Not all CPU in a z/OS system can be attributed to a service class: If you add up all the CPU in SMF 72–3 (Workload Activity) it always amounts to less than the CPU in SMF 70–1 (System-Level).
If we divide Workload CPU by System CPU and turn it into a % we get a Capture Ratio. 
So what do we expect? Our observations are
- Generally most systems show capture ratios in the range 85% to 95%.
- Capture ratios vary, but not usually by very much. 
- Capture ratios are lower for very low utilisation systems than very high utilisation ones.
- Capture ratios are lower for highly paging systems, and probably for high I/O ones.
Generally I don’t see anything better about a system with a capture ratio in the low 90’s than one in the high 80’s, percentagewise. So I wouldn’t fret about that.
How Do We Use Capture Ratio?
As I indicated at the outset, this has been an internal thing.

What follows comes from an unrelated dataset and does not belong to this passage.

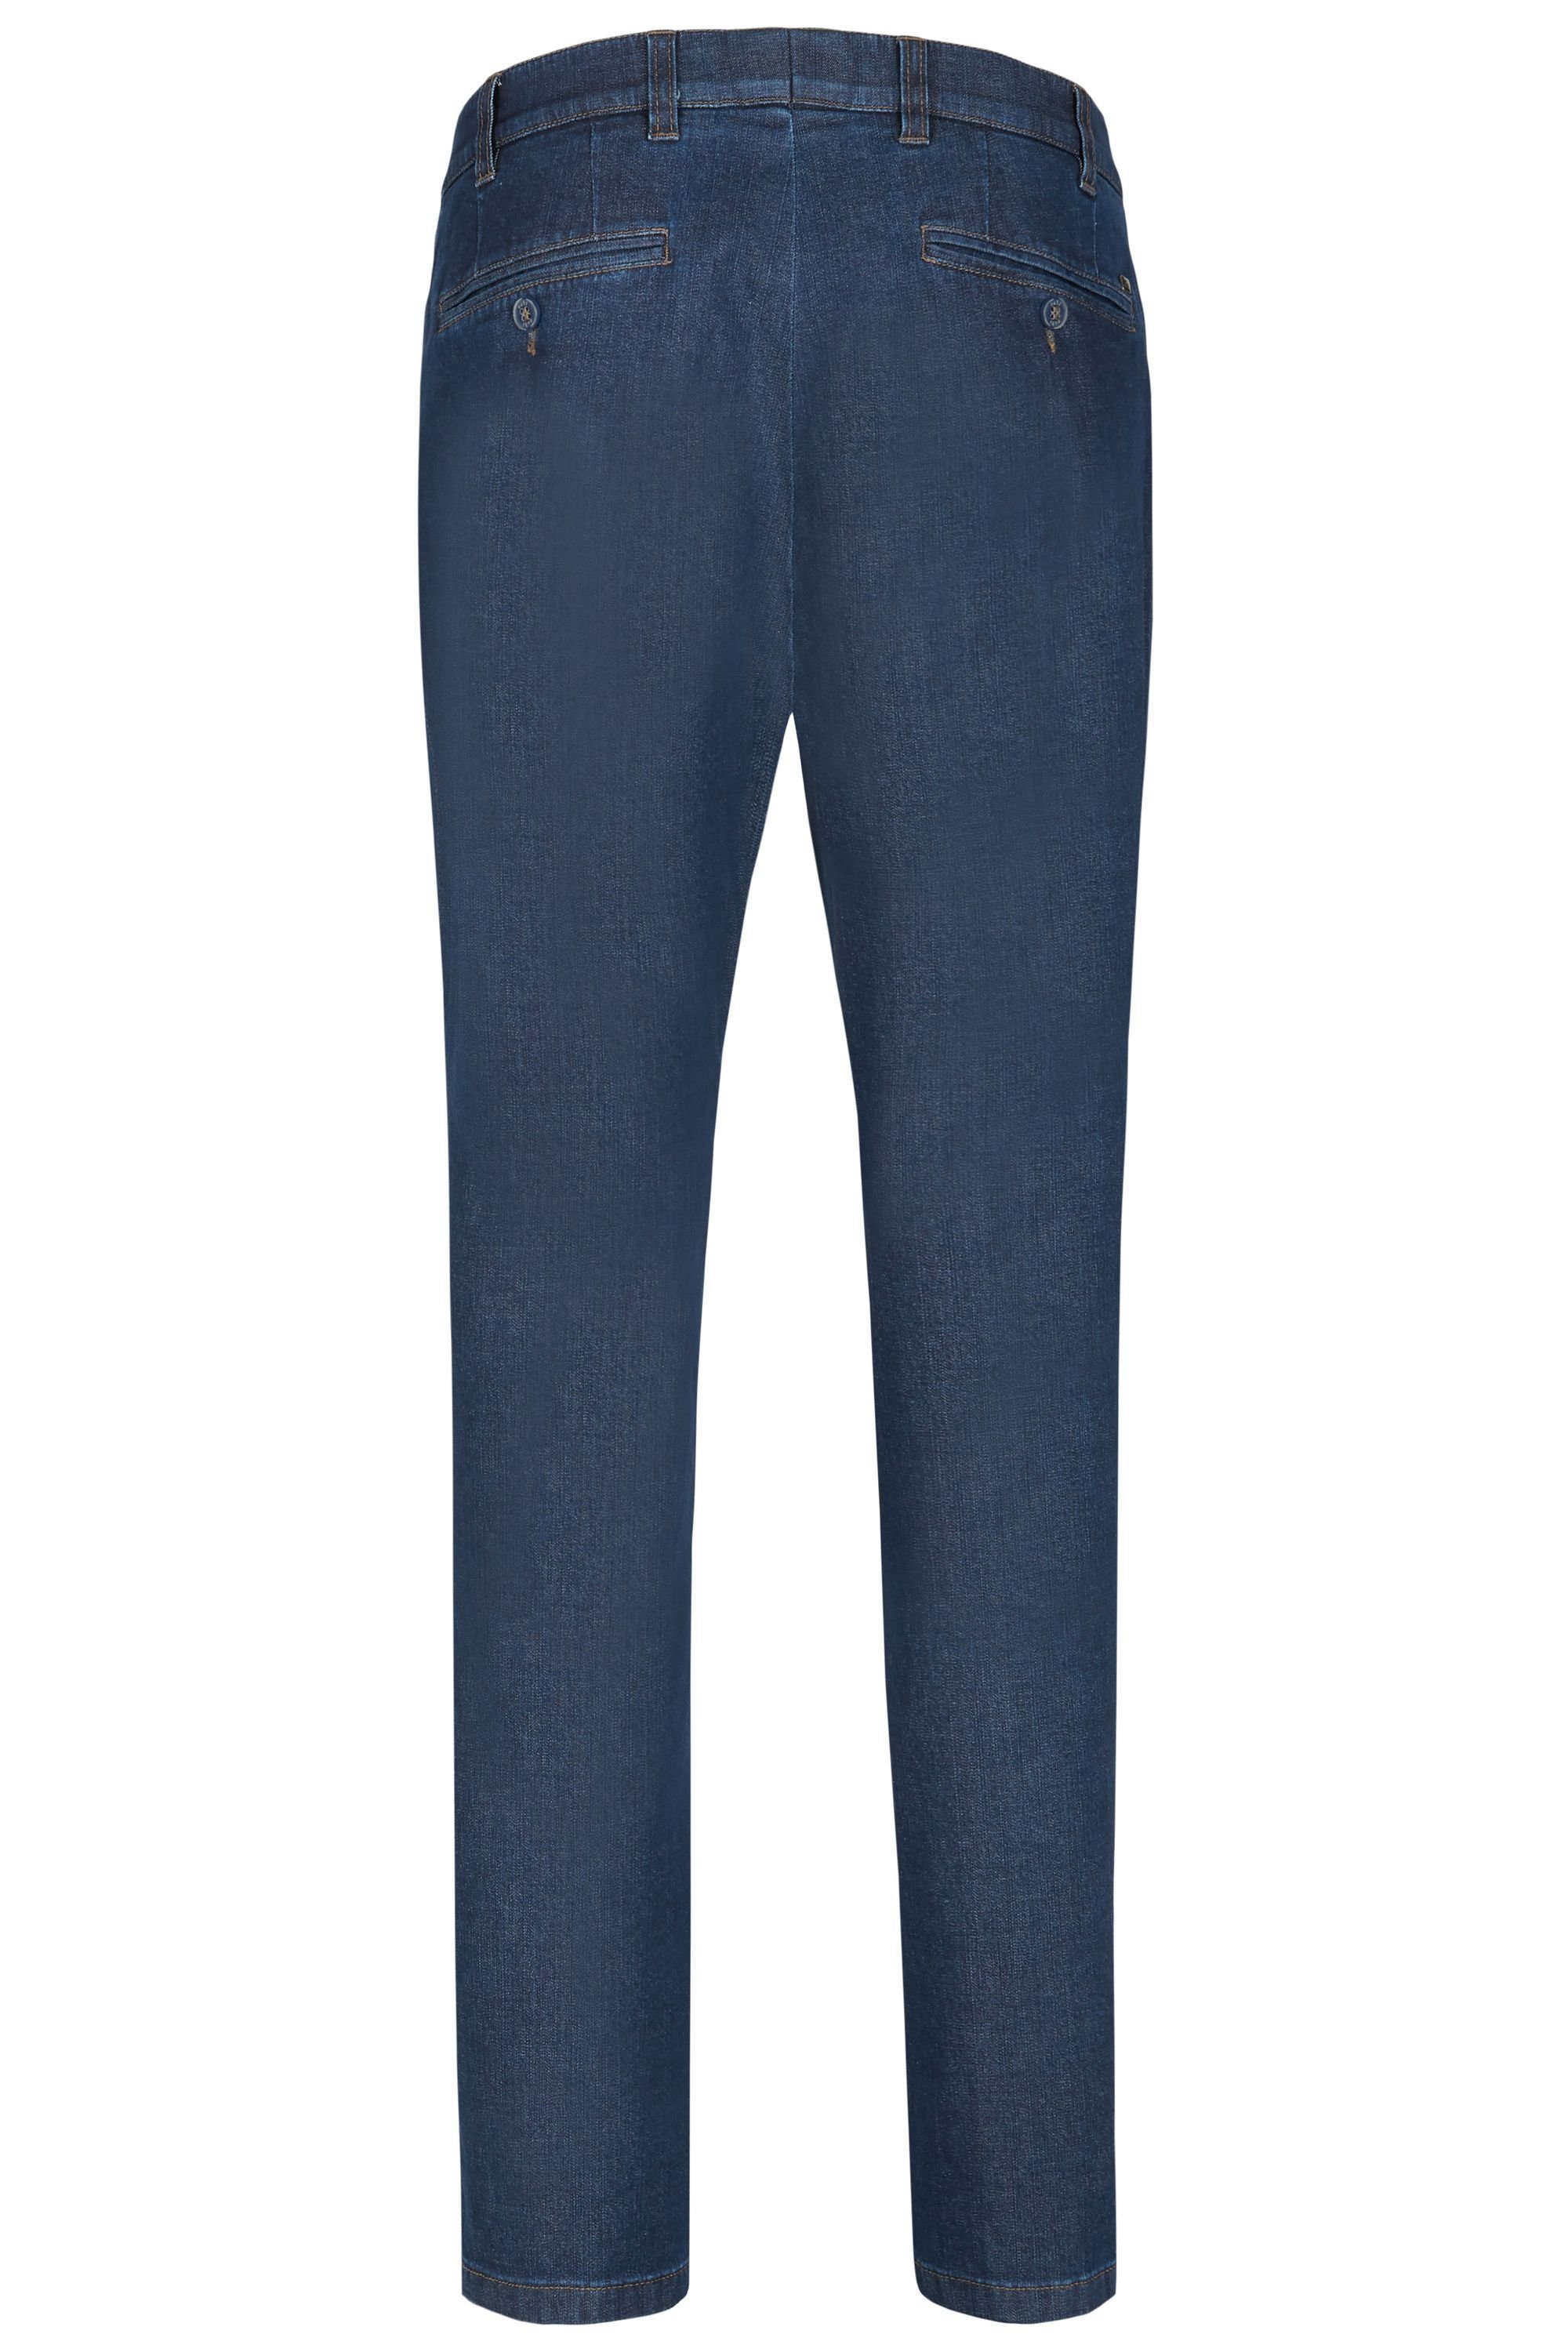 Bequeme Hose Stretch Modell Jeans Herren Fit stone Jeans aubi (46) Perfect 577 aubi:
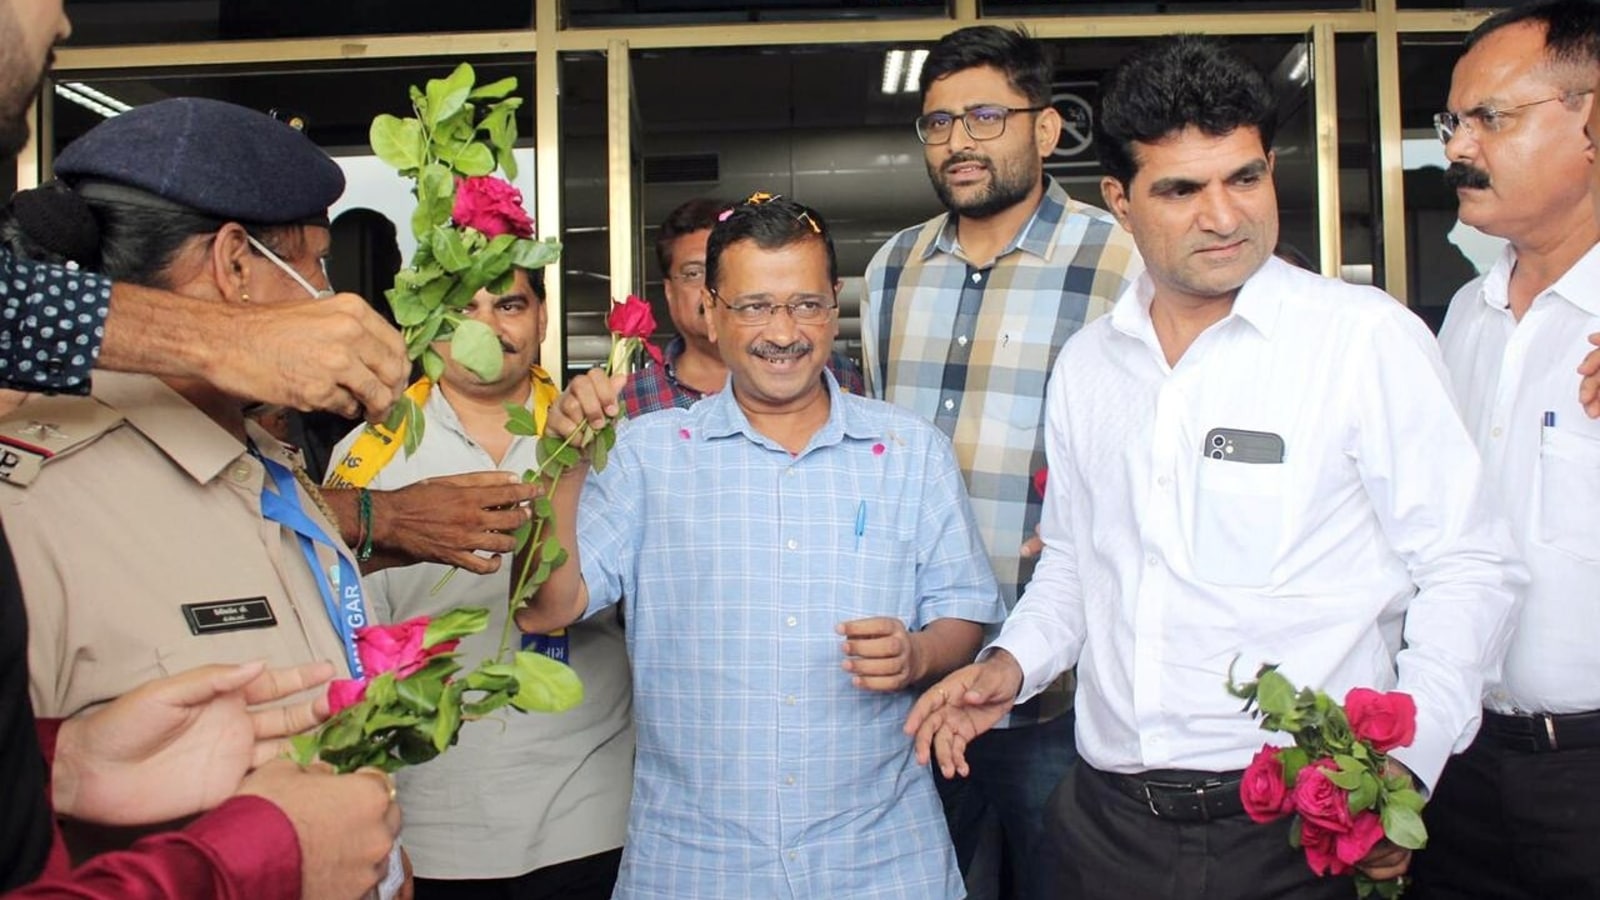 Ahead of Gujarat polls, Arvind Kejriwal promises 24x7 power supply, jobs |  Latest News India - Hindustan Times

In a recent study, to tweak nobody’s nose at all, we saw appallingly low and more or less random capture ratios. It turned out we were missing lots of 72–3 records. So the capture ratio was a good diagnostic tool.
Despite what I said about capture ratio being “internal” we have a standard chart that plots capture ratio for a system by day. This is why I know about the behaviours listed above.
What Went Wrong?
In some studies over the past few years our capture ratio has gone over 100%. It really shouldn’t.
While this has been “subliminally troubling” it hasn’t been enough to make me spring into action. With a recent study, however, we were getting capture ratios of hundreds of percent. Enough to set alarm bells ringing. So Dave Betten and I set to debugging.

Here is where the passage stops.